__Dataset excerpt__.
....
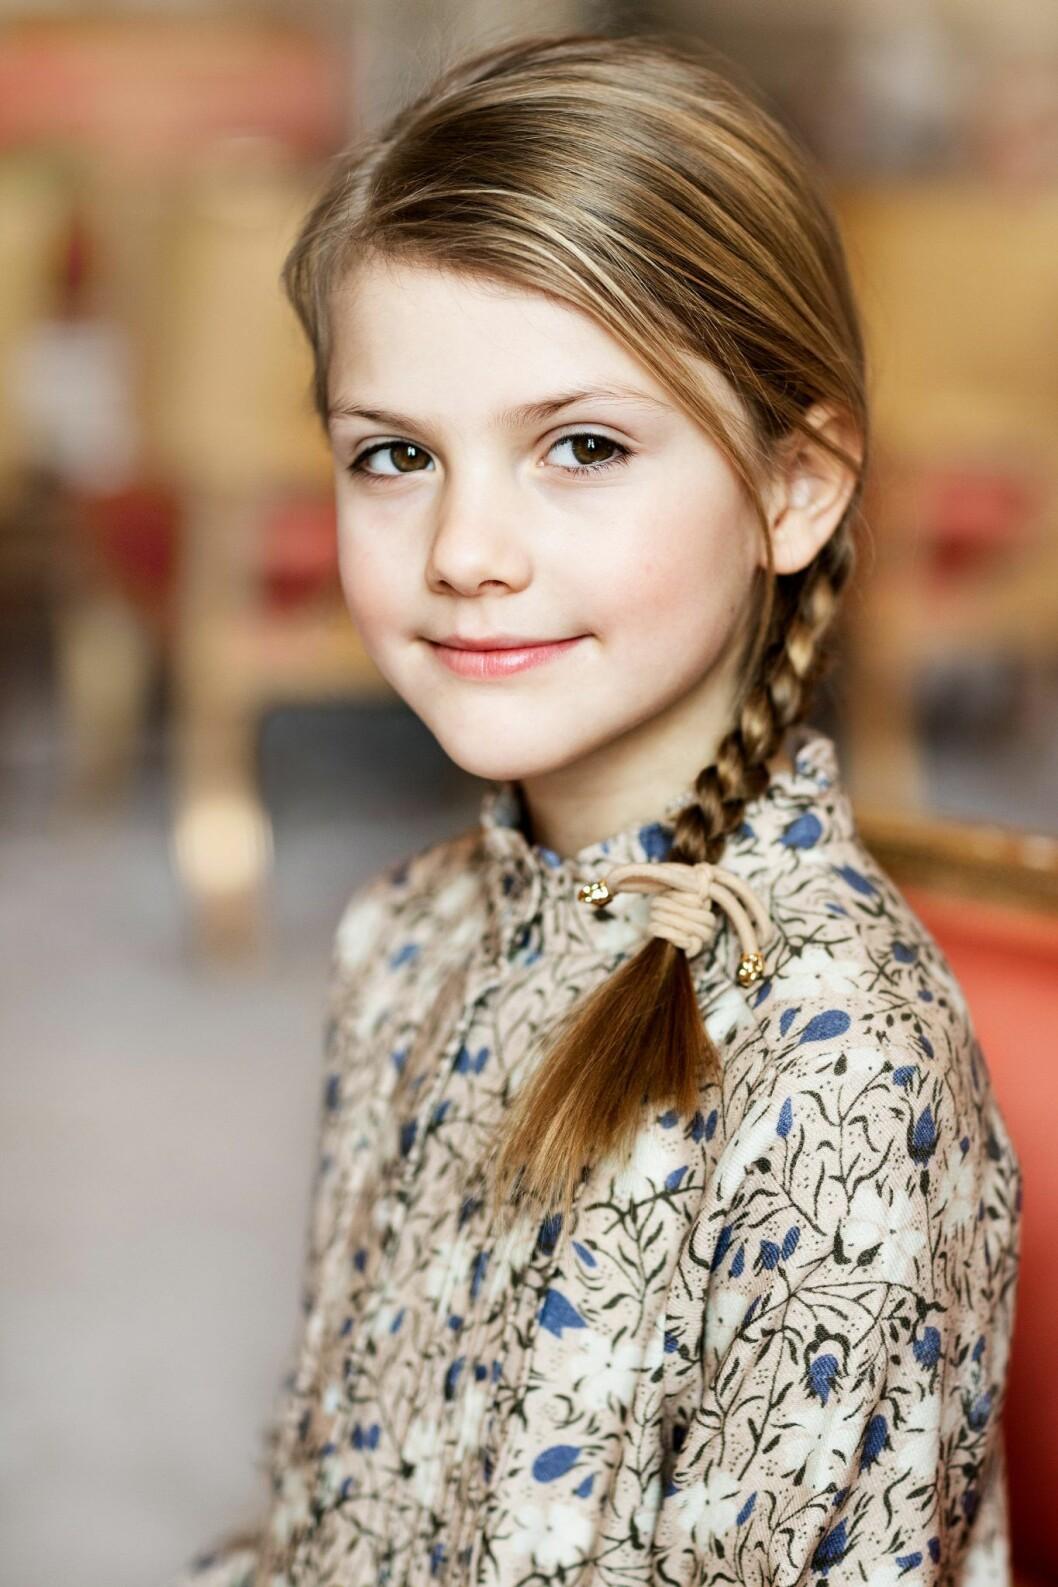 Prinsessan Estelle åtta år
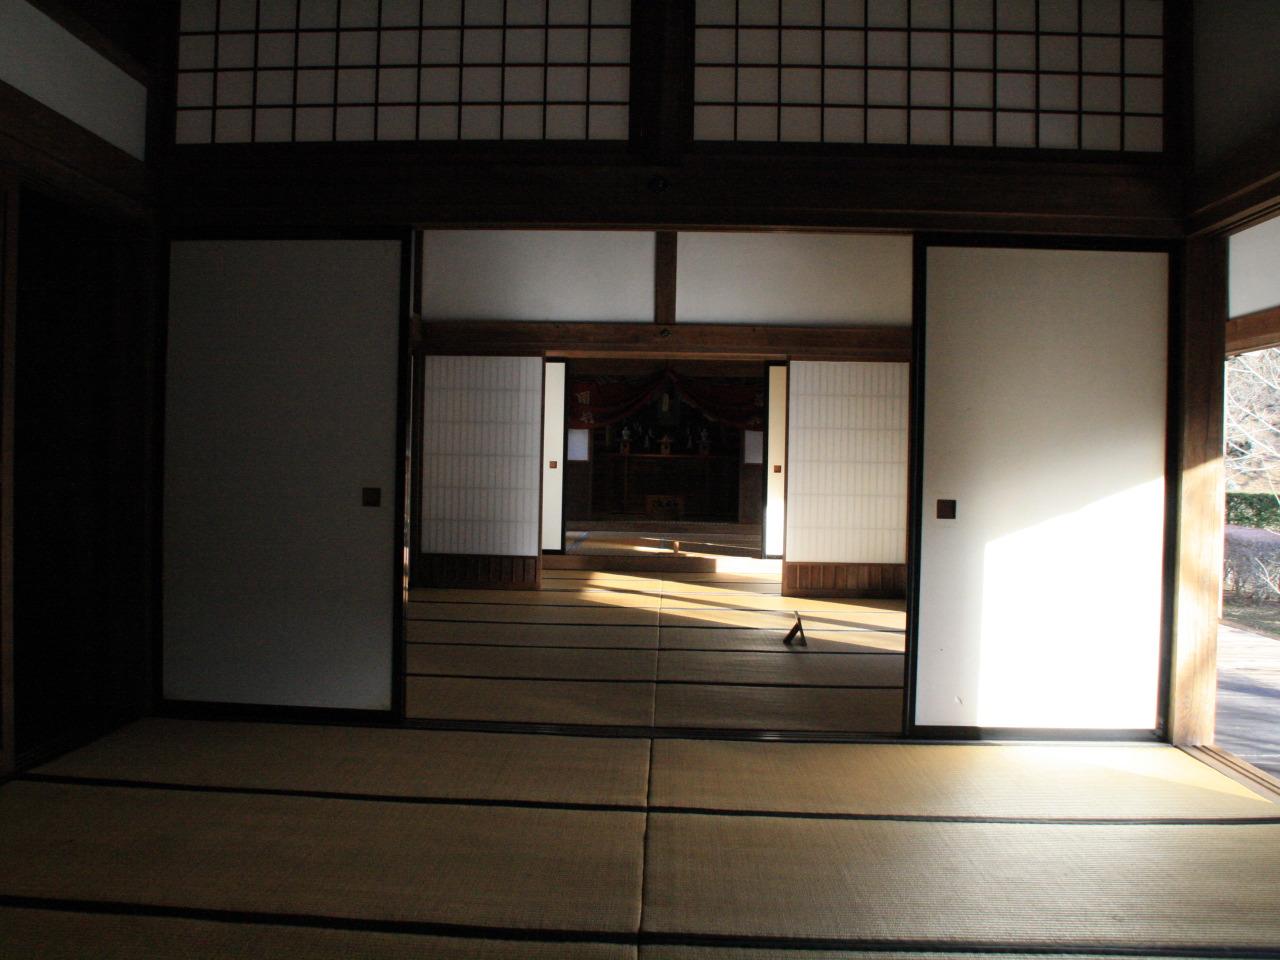 富士吉田市歴史民俗博物館・御師住宅(小佐野家住宅復原)
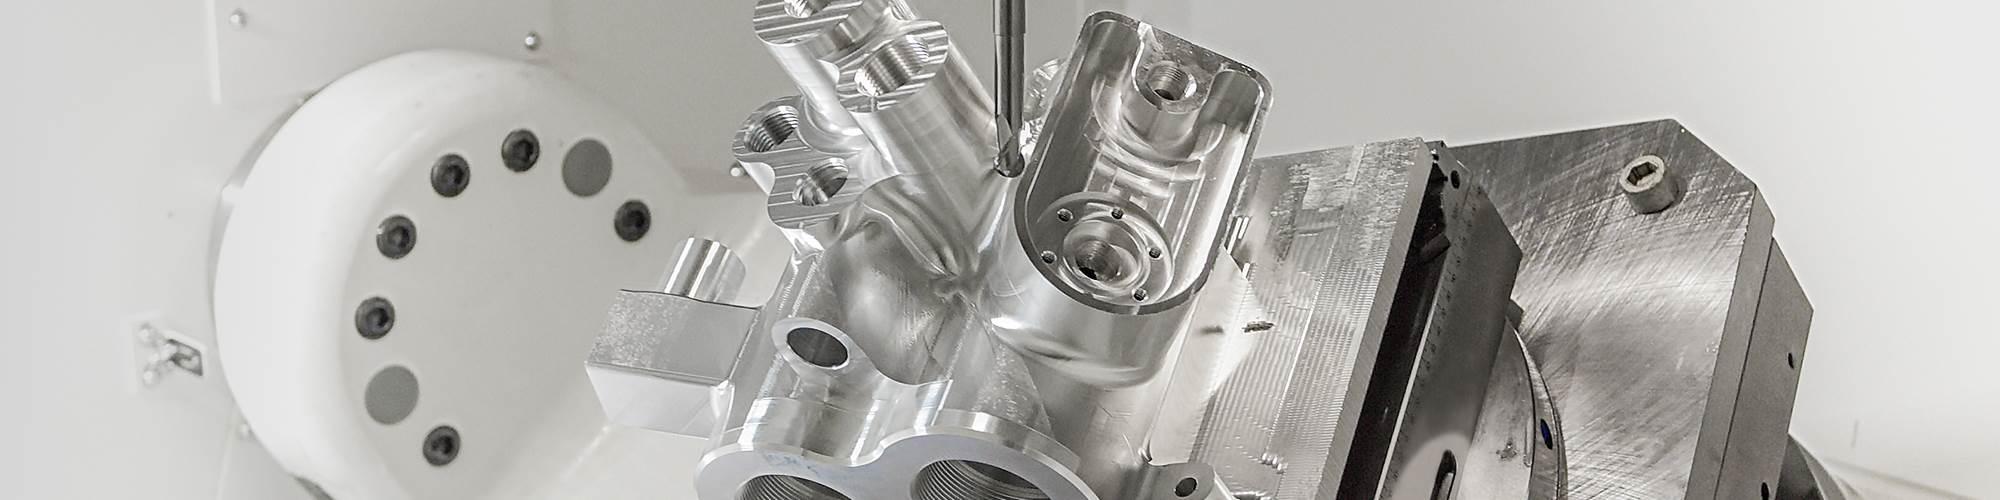 Una carcasa de bomba de aluminio 6061 se somete a operaciones de mecanizado de cinco ejes en una Variaxis i800 Neo de Mazak.
....
__Exercise prompt__. Line by line, write out the material above exactly, with no images.

__Task answer__.
 Prinsessan Estelle åtta år
 富士吉田市歴史民俗博物館・御師住宅(小佐野家住宅復原)
 Una carcasa de bomba de aluminio 6061 se somete a operaciones de mecanizado de cinco ejes en una Variaxis i800 Neo de Mazak.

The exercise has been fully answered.